Volume 2 is largely concerned with the management of fruit-trees: the appropriate soils and pruning regimes for apricots, peaches and nectarines, pears, plums, cherries, apples, figs, walnuts, chestnuts and mulberries. A long chapter is devoted to the cultivation of the ‘ananas, or pineapple’, which requires a hot-house or glass-house, a complicated propagation process, and a great deal of potting on, from halfpenny to penny and then to three-halfpenny and twopenny pots. (Frustratingly, there is no clue as to the sizes which these prices indicate.) Variations in temperature and humidity may be disastrous, but the real plague of pineapples is the ‘white insects’ (mealybugs rather than whitefly?) that may infest them: ‘Besides the damage done to the fruit, they greatly retard the growth of the plants and make them very unsightly.’

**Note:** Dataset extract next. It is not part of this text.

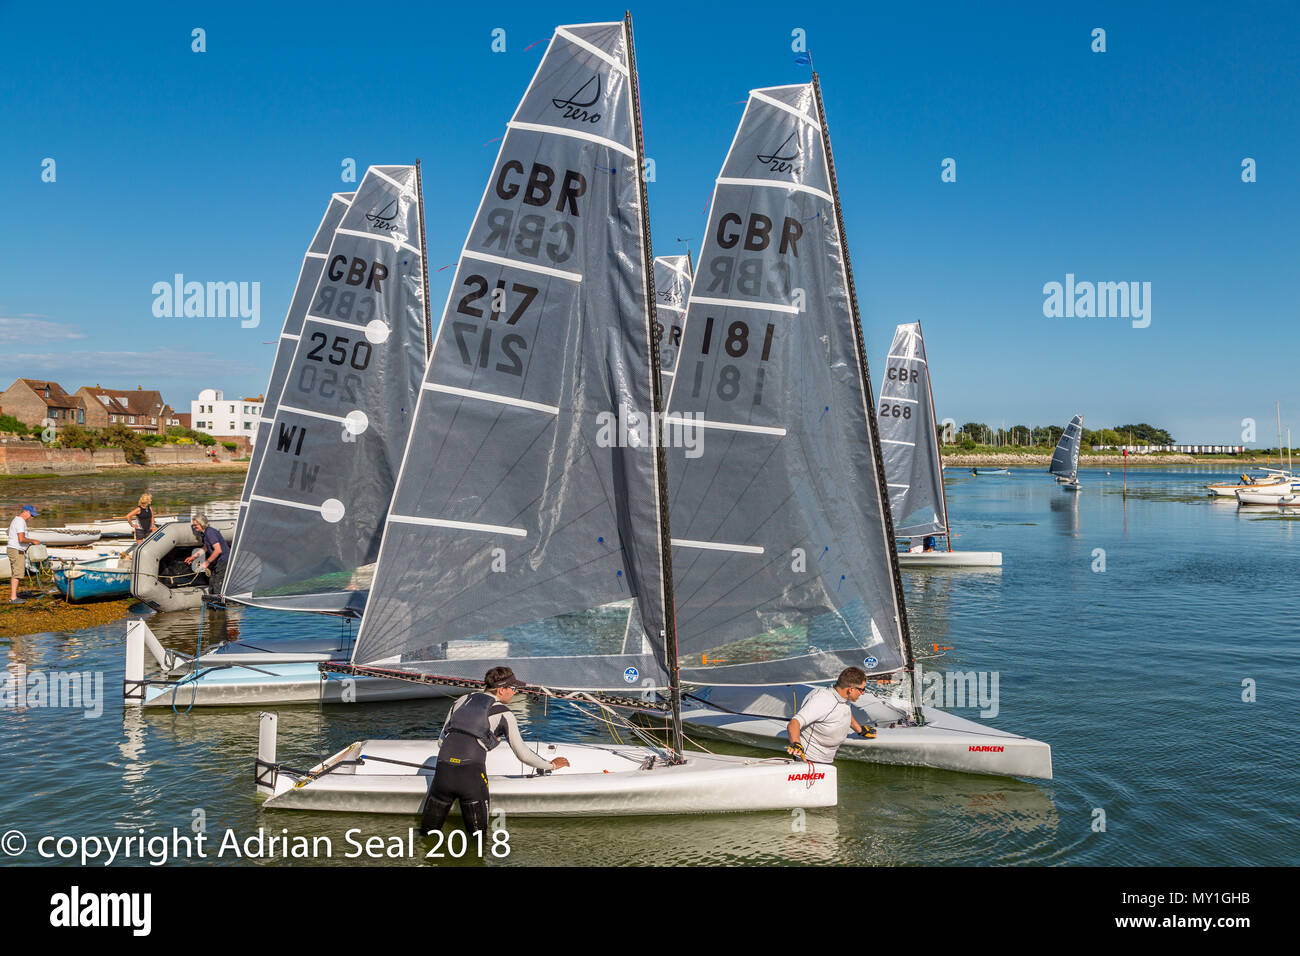 Single seater racing yachts in the basin at Emsworth a small and picturesque town toward the northern end of Chichester harbour, Hampshire, England UK Stock Photo

Kennedy’s remedy is an elaborate cleaning and fumigation of the hot-house with brimstone; any crevices in the plaster should be filled, and the walls and glass cleaned with vinegar. The growing medium, or ‘tan’ should be sieved, and the smallest riddlings, where the vermin lurk, should be thrown away. Finally, the plants themselves should be treated with a mixture of brimstone, ‘Scotch snuff [!?]’, and dried walnut leaves ground to powder. Dust the stems and leaves, and mix some of the powder into the growing medium. ‘This mixture will in no ways hurt the leaves, not retard the growth of the plants … by following the whole of the directions the most infected hot-house will be as clean as if there never had been any vermin in it.’
Kennedy turns finally to veg, starting with the sublime – mushrooms and asparagus – and moving to the prosaic: cabbages, carrots and turnips, for feeding cattle as much as humans. Mushroom and asparagus beds are described in loving detail: if only I had the space! Having dug out my trench to a depth of 2.5 feet (and disposed of the soil elsewhere in the garden, ho ho), I need merely to obtain sludge from a slow-running river, or failing that from an old pond that has not been cleaned for a very long time, mix it with peat-mould, loam, rotten dung and sharp sand, and I will have the ideal growing medium for asparagus. Five or six years (and a great deal of work) later, I can begin harvesting. ‘But if anyone should fail, let him not despond at the first trial, there being a possibility of erring, though no great probability, for I have not omitted the least article in the preparation of the materials, … but information from books written with the greatest candour may be difficult, until a little practice renders it easy.’ How very true!